Панталеоне встал, посмотрел на часы, поправил свой кок и поспешно засунул в башмак болтавшуюся из-под панталон тесемку. Молодой подпоручик вошел, все такой же красный и смущенный.

Санин представил секундантов друг другу.

– Monsieur Richter, souslieutenant! – Monsieur Zippatola, artiste![30]

Подпоручик слегка изумился при виде старика… О, что бы он сказал, если б кто шепнул ему в это мгновение, что представленный ему «артист» занимается также и поваренным искусством!.. Но Панталеоне принял такой вид, как будто участвовать в устройстве поединков было для него самым обычным делом: вероятно, ему в этом случае помогали воспоминания его театральной карьеры – и он разыгрывал роль секунданта, именно как роль. И он и подпоручик, оба помолчали немного.

– Что ж? Приступим! – первый промолвил Панталеоне, играя сердоликовой печаткой.

– Приступим, – ответил подпоручик, – но… присутствие одного из противников…

– Я вас немедленно оставлю, господа, – воскликнул Санин, поклонился, вышел в спальню – и запер за собою дверь.

Он бросился на кровать – и принялся думать о Джемме… но разговор секундантов проникал к нему сквозь закрытую дверь. Он происходил на французском языке; оба коверкали его нещадно, каждый на свой лад. Панталеоне опять упомянул о драгунах в Падуе, о принчипе Тарбуски – подпоручик об «exghizes léchères» и о «goups à l’amiaple». Но старик и слышать не хотел ни о каких exghizes! К ужасу Санина, он вдруг пустился толковать своему собеседнику о некоторой юной невинной девице, один мизинец которой стоит больше, чем все офицеры мира… (oune zeune damigella innoucenta, qu’a ella sola dans soun péti doa vale piu que toutt le zouffissié del mondo!) и несколько раз с жаром повторил: «Это стыд! это стыд!» (Е ouna onta, ouna onta!) Подпоручик сперва не возражал ему, но потом в голосе молодого человека послышалась гневная дрожь, и он заметил, что пришел не затем, чтобы выслушивать моральные сентенции…

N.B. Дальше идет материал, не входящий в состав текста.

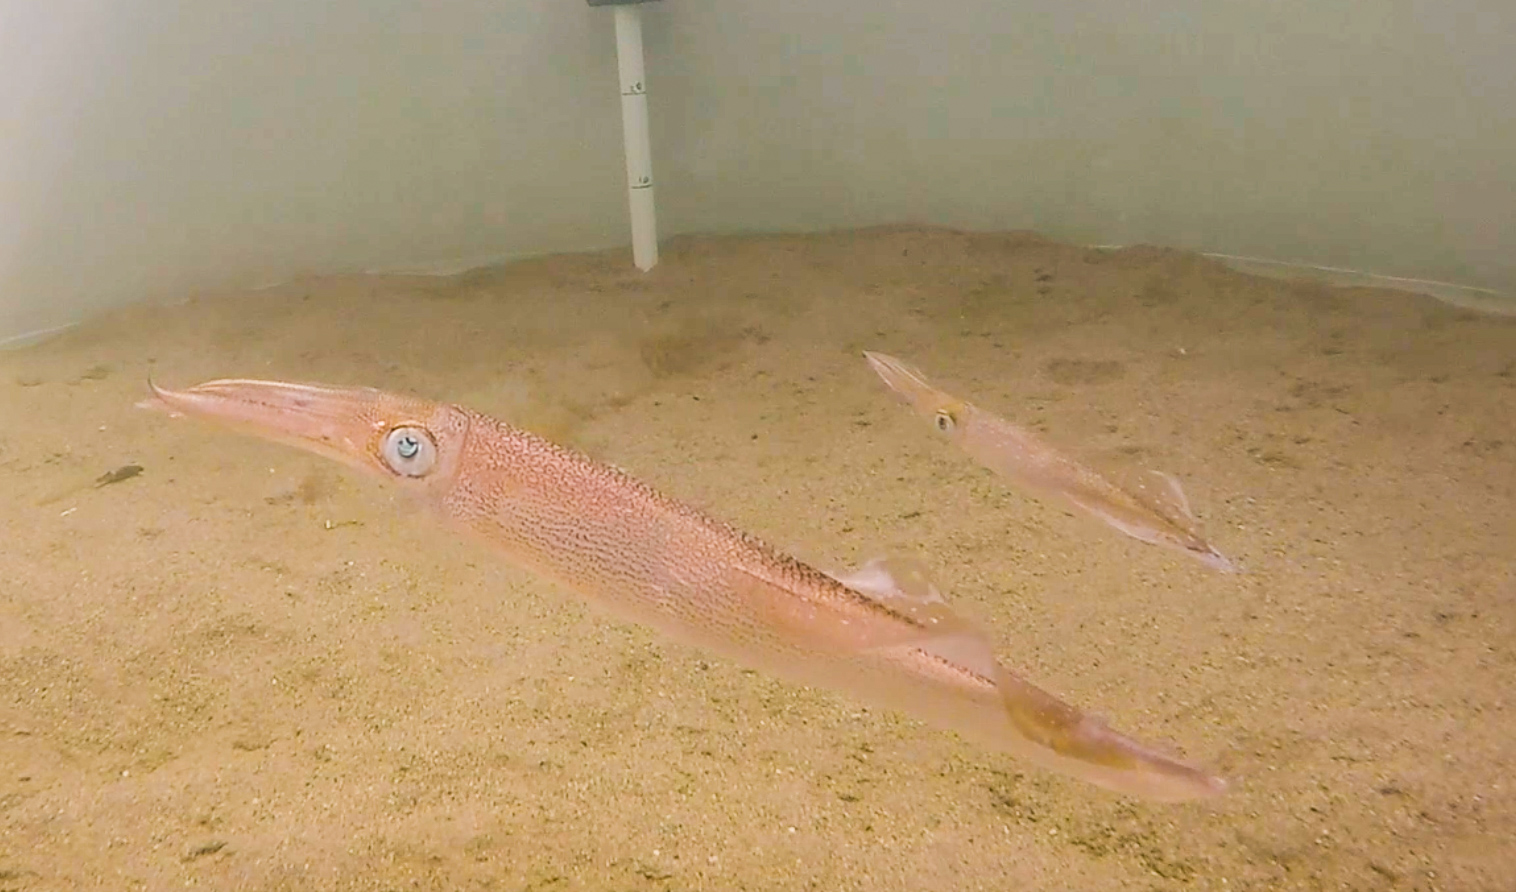 Mating squid don't stop for loud noises - GeoSpace - AGU Blogosphere

– В вашем возрасте всегда полезно выслушивать справедливые речи! – воскликнул Панталеоне.

Прение между г-ми секундантами несколько раз становилось бурным; оно продолжалось более часа и завершилось, наконец, следующими условиями: «стреляться барону фон Донгофу и господину де Санину на завтрашний день, в десять часов утра, в небольшом лесу около Ганау, на расстоянии двадцати шагов; каждый имеет право стрелять два раза по знаку, данному секундантами; пистолеты без шнеллера и не нарезные». Г-н фон Рихтер удалился, а Панталеоне торжественно открыл дверь спальни и, сообщив результат совещания, снова воскликнул: «Bravo, Russo! Bravo, giovanotto![31] Ты будешь победителем!»

Несколько минут спустя они оба отправились в кондитерскую Розелли. Санин предварительно взял с Панталеоне слово держать дело о дуэли в глубочайшей тайне. В ответ старик только палец кверху поднял и, прищурив глаз, прошептал два раза сряду: «Segredezza!» (Таинственность!) Он видимо помолодел и даже выступал свободнее. Все эти необычайные, хотя и неприятные события живо переносили его в ту эпоху, когда он сам и принимал и делал вызовы, – правда, на сцене. Баритоны, как известно, очень петушатся в своих ролях.

XIX

Эмиль выбежал навстречу Санину – он более часа караулил его приход – и торопливо шепнул ему на ухо, что мать ничего не знает о вчерашней неприятности и что даже намекать на нее не следует, а что его опять посылают в магазин, но что он туда не пойдет, а спрячется где-нибудь! Сообщив все это в течение нескольких секунд, он внезапно припал к плечу Санина, порывисто поцеловал его и бросился вниз по улице. В кондитерской Джемма встретила Санина; хотела что-то сказать – и не могла. Ее губы слегка дрожали, а глаза щурились и бегали по сторонам. Он поспешил успокоить ее уверением, что все дело кончилось… сущими пустяками.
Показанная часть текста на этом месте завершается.